ÉDITORIAL. Les annonces de la France et de la Commission européenne en matière d’investissements pour l’IA vont dans le sens d’une plus grande indépendance. Mais tout n’est pas encore joué, et de loin
Si bon nombre de promesses autour de l’intelligence artificielle relèvent encore de la science-fiction, l’essor de cette technologie va profondément modifier la face du continent européen ces prochaines années. Les conséquences seront économiques bien sûr, mais aussi sociales, environnementales et géopolitiques. La France et la Commission européenne ont en effet annoncé des investissements dans ce domaine pour plus de 300 milliards d’euros.
«Nous allons avancer vite, très vite», a affirmé le président français, Emmanuel Macron, durant le Sommet pour l’action sur l’intelligence artificielle qui s’est tenu à Paris les 10 et 11 février. La France met à disposition 35 sites «clés en main» pour accueillir de nouveaux centres de données. Du côté de l’Union européenne, des «super-usines d’intelligence artificielle» verront le jour dans une quinzaine d’Etats membres.
Des questions en suspens
Ce coup d’accélérateur donné par la France et la Commission européenne vise à doper les capacités du continent en termes de puissance de calcul. Tant Emmanuel Macron qu’Ursula von der Leyen se disent convaincus que la place de champion mondial de l’intelligence artificielle est encore à prendre. «Les Européens doivent acheter européen», a clamé le président français.
Dans le même temps, la France cherche par tous les moyens à renforcer l’acceptabilité de l’intelligence artificielle. Emmanuel Macron s’est transformé, le temps d’un entretien télévisé le dimanche 9 février, en vulgarisateur scientifique pour rassurer sur cette technologie. Il veut que les entreprises et les particuliers l’adoptent massivement.

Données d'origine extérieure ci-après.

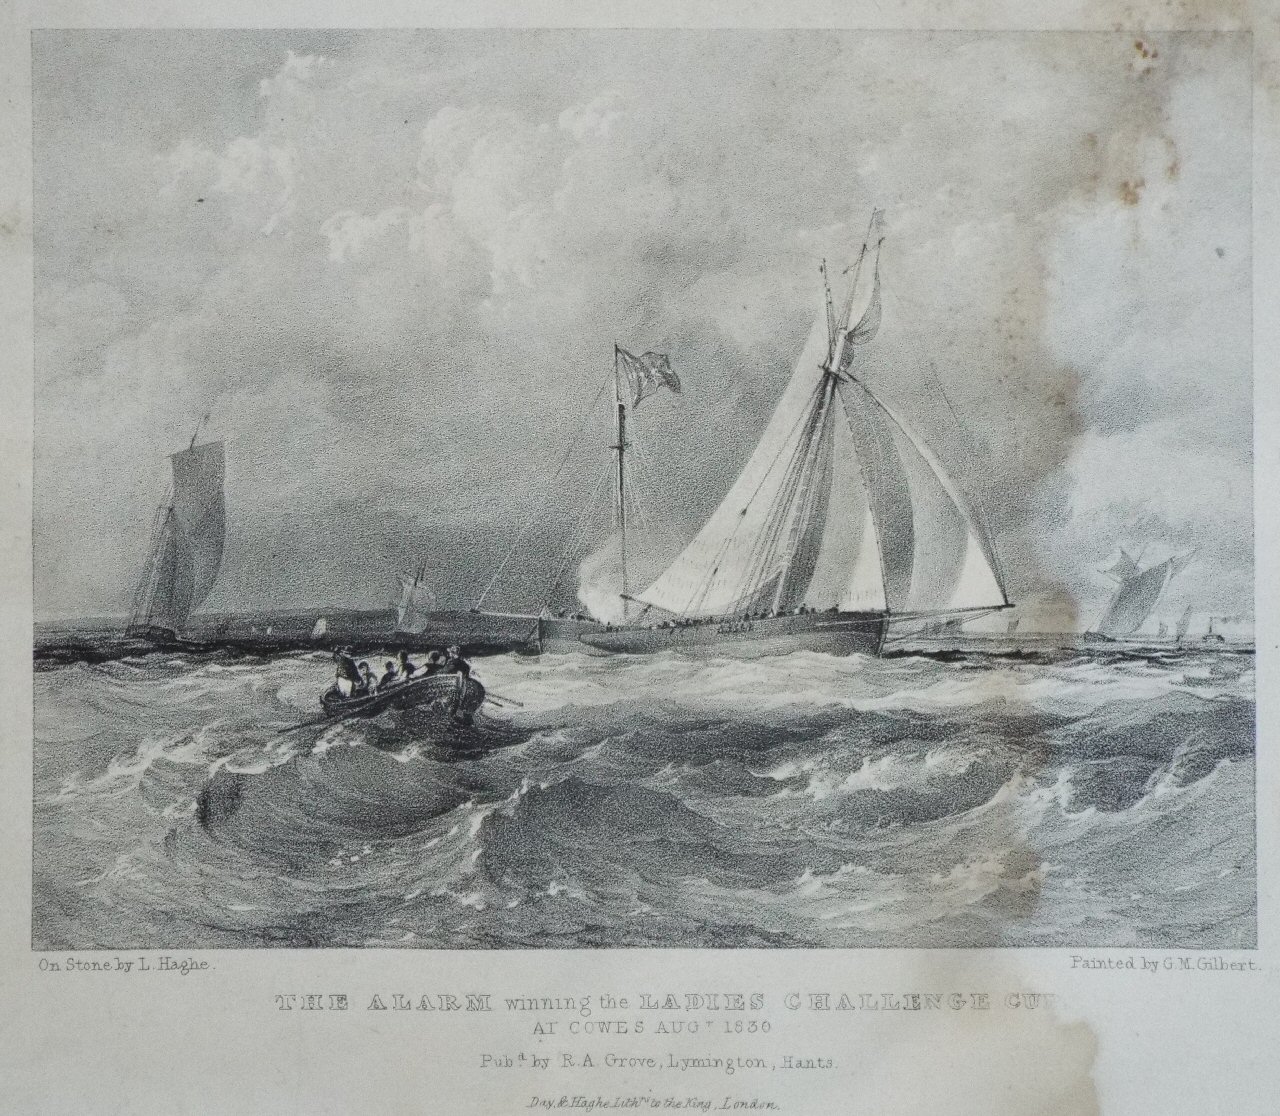 Lithograph - The Alarm winning the Ladies Challenge Cup at Cowes Augt. 1830 - Haghe

Une stratégie qui soulève des questions. Car, alors même que les investissements européens produiront des effets, ceux-ci mettront du temps à se déployer. Pour l’heure, ce sont essentiellement les mastodontes américains qui disposent des infrastructures nécessaires pour soutenir une croissance de la demande dans le domaine des services basés sur l’IA.
La tribune publiée dans Le Monde par Sam Altman, le patron d’OpenAI – l’éditeur de ChatGPT –, ne laisse guère de place au doute: s’il applaudit la stratégie d’Emmanuel Macron, c’est bien qu’il y trouve son compte. De plus, ces projets relèvent pour l’heure de la lettre d’intention. Ils devront d’abord se concrétiser. La perspective de voir des dizaines de centres de données sortir de terre en Europe pourrait bien se heurter à des contestations locales. Et ce, pour autant que l’argent suive, ce qui constitue déjà un enjeu en soi.